WHAT THIS TASK INVOLVES >> From the line containing "Granite Black Leather Travel Backpack Back" to the final line of the material below, return every line exactly. Do not include pictures.

### INFORMATION SUPPLIED

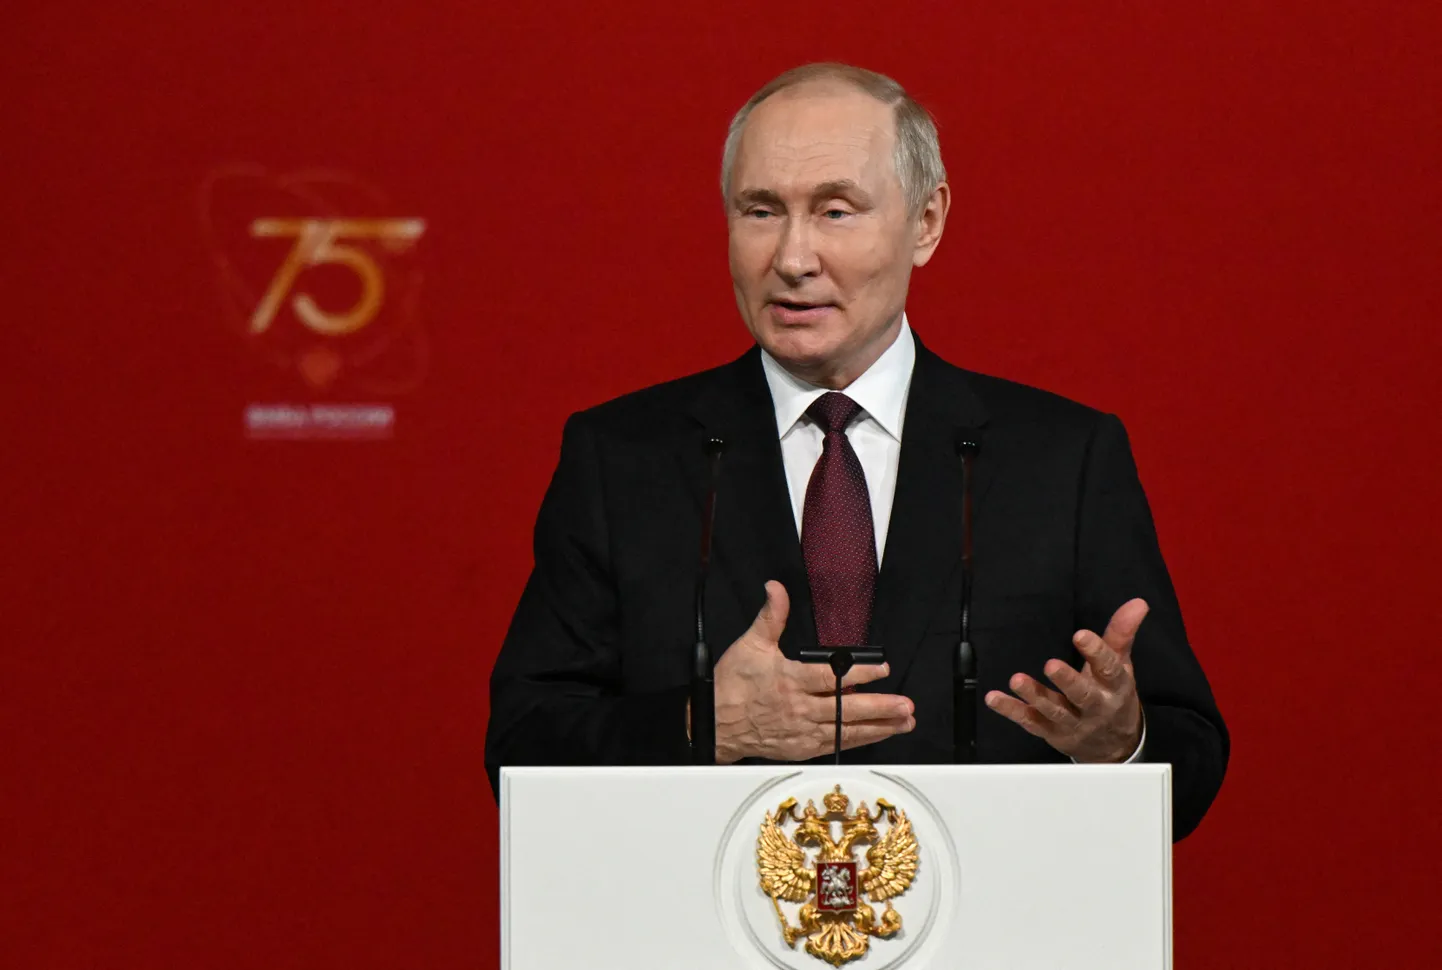 Venemaa president Vladimir Putin pidamas 9. novembril 2022 Moskvas kõnet riikliku meditsiini-bioloogia agentuuri 75. aastapäeval
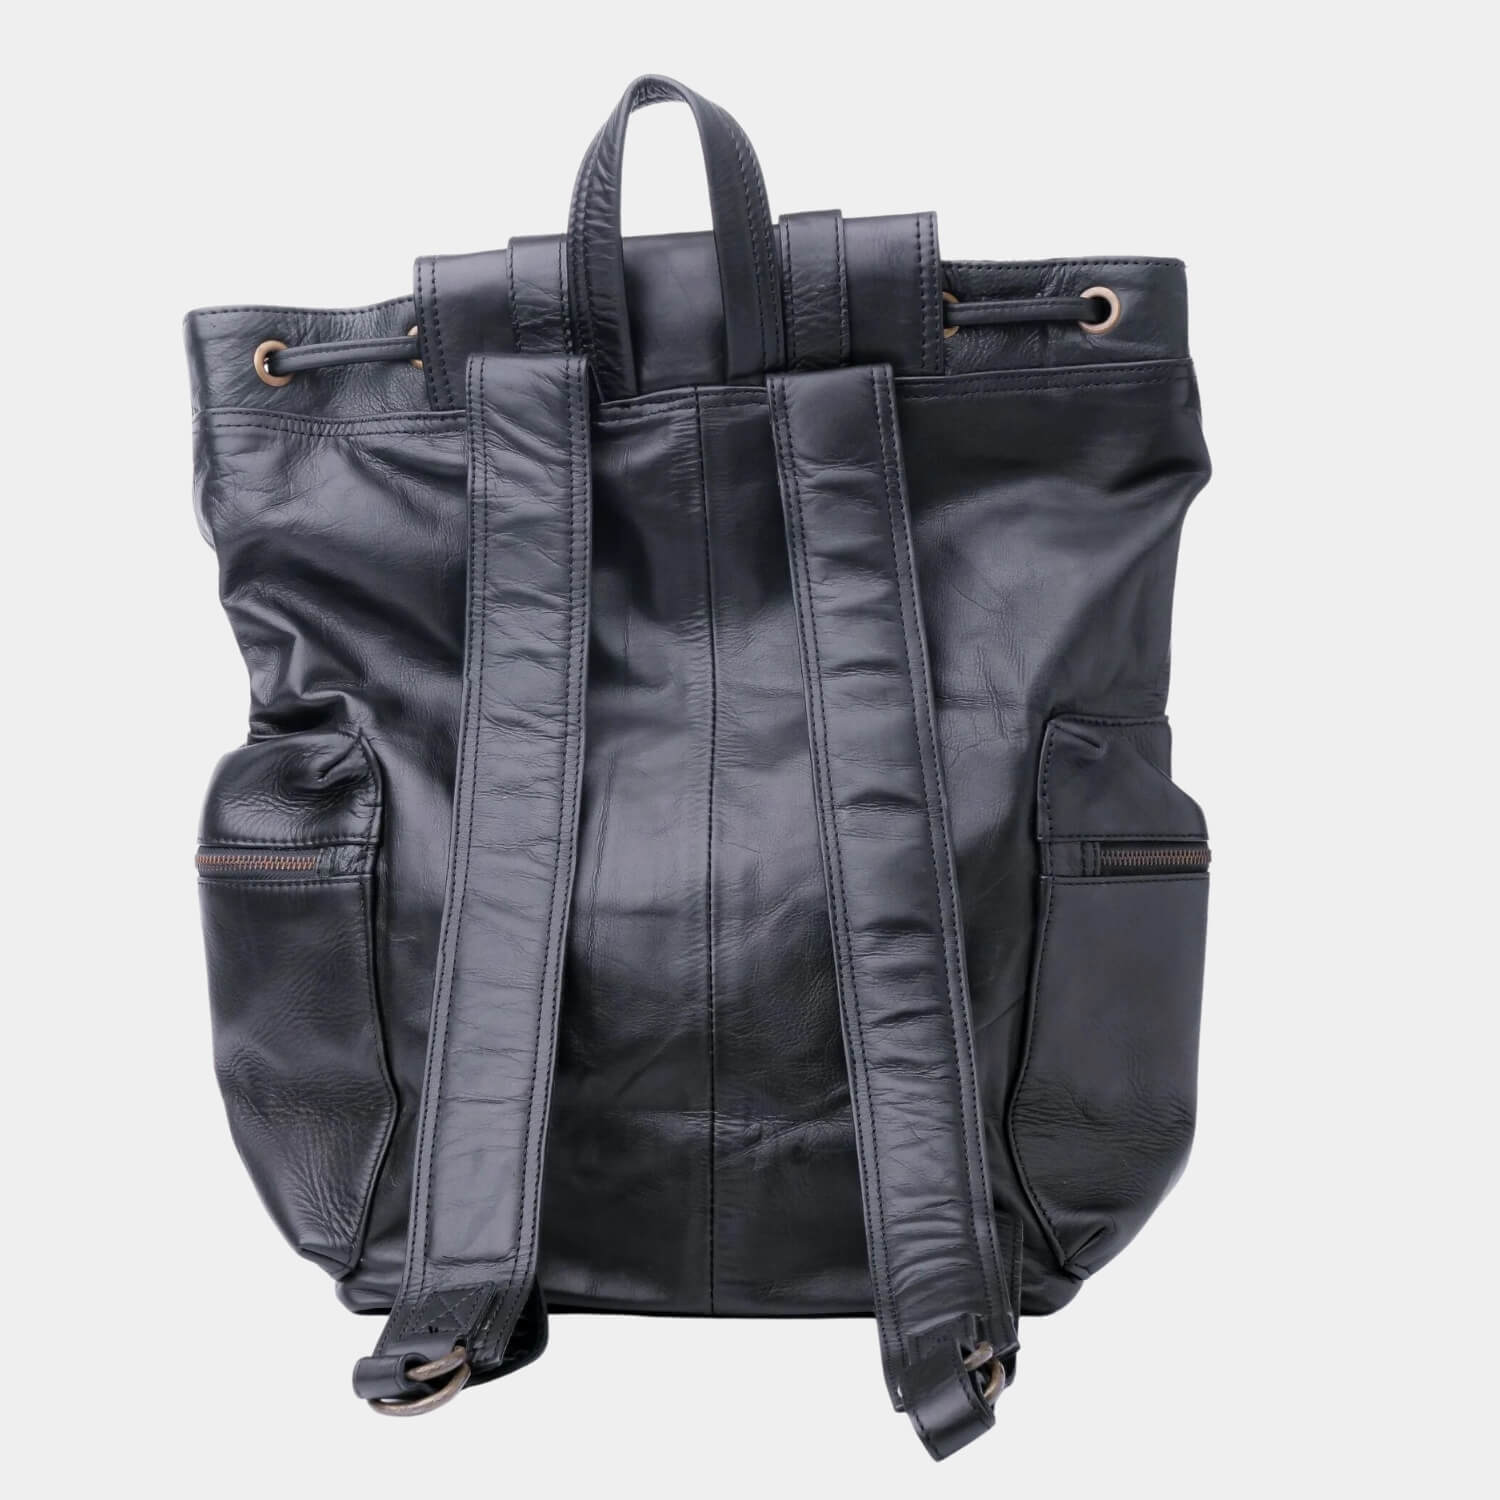 Granite Black Leather Travel Backpack Back
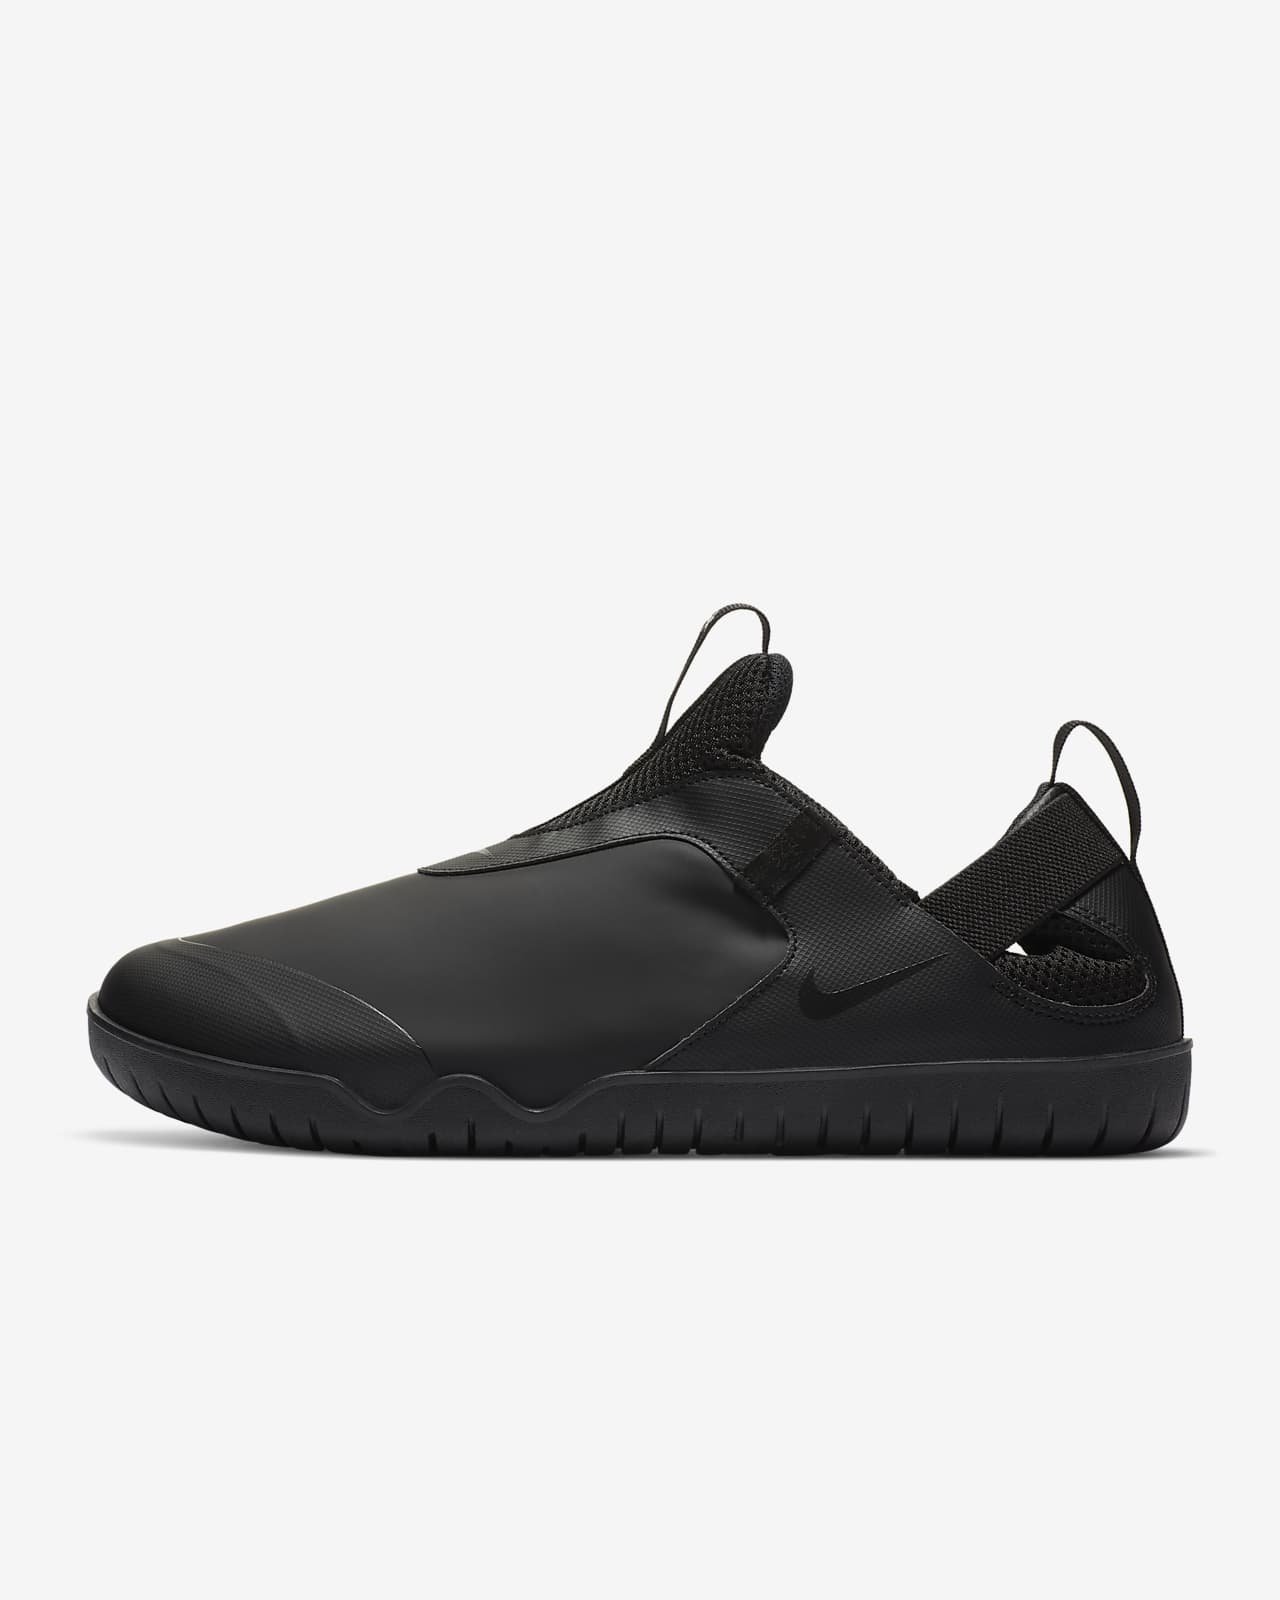 black on black slip on shoes
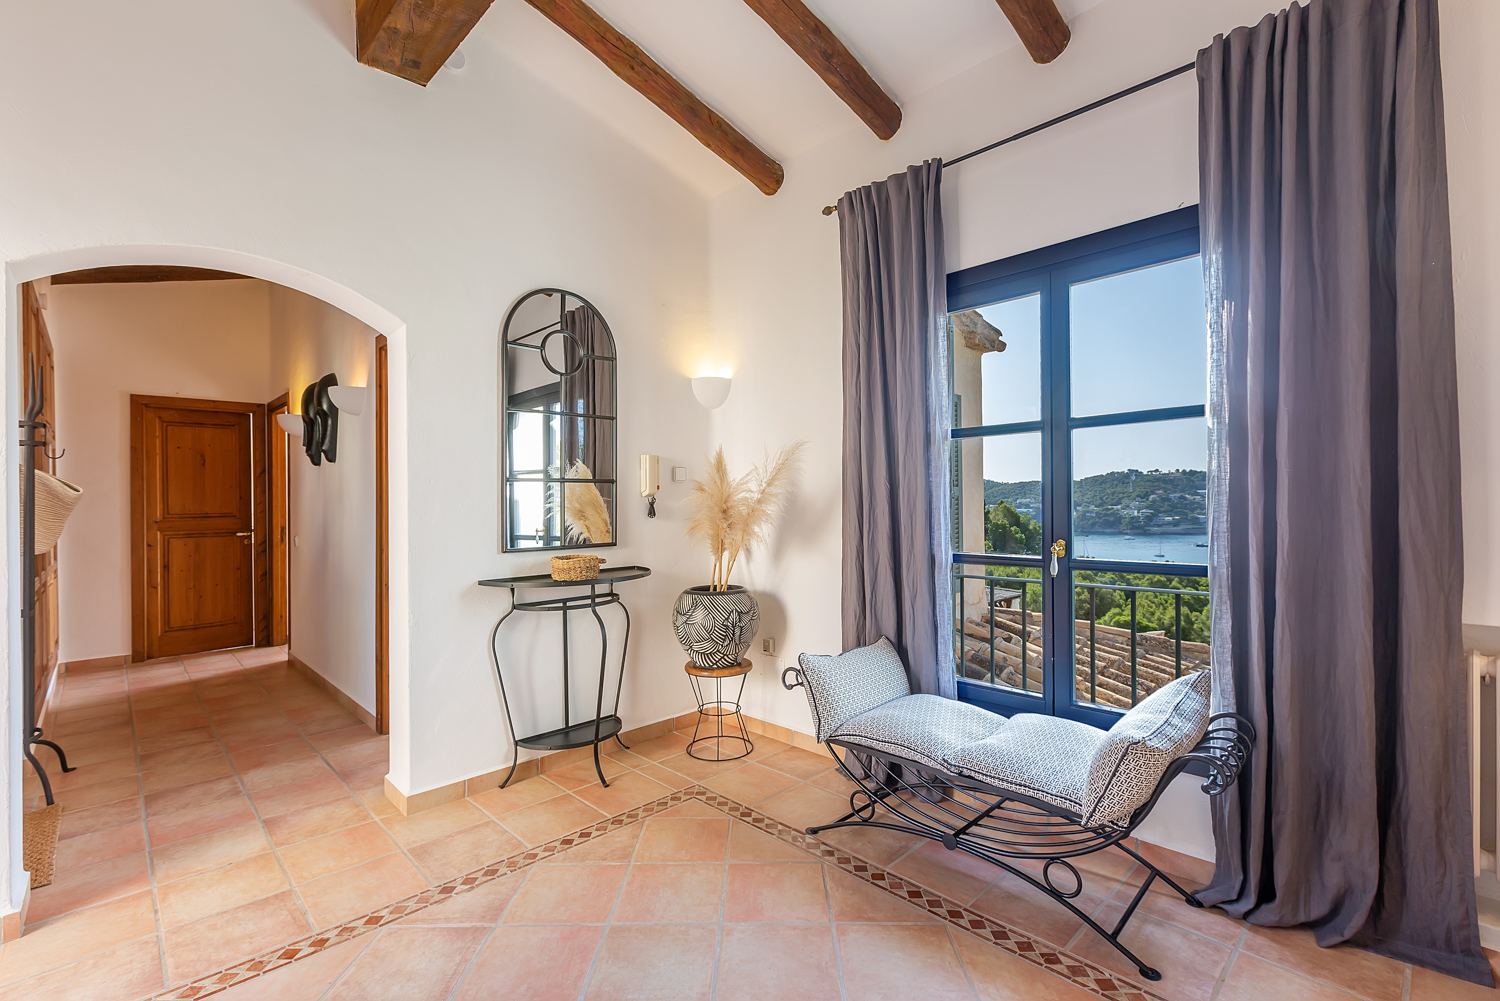 Superb villa with sea views of Camp de Mar

######

FINISHED EXERCISE >>
 Granite Black Leather Travel Backpack Back
 black on black slip on shoes
 Superb villa with sea views of Camp de Mar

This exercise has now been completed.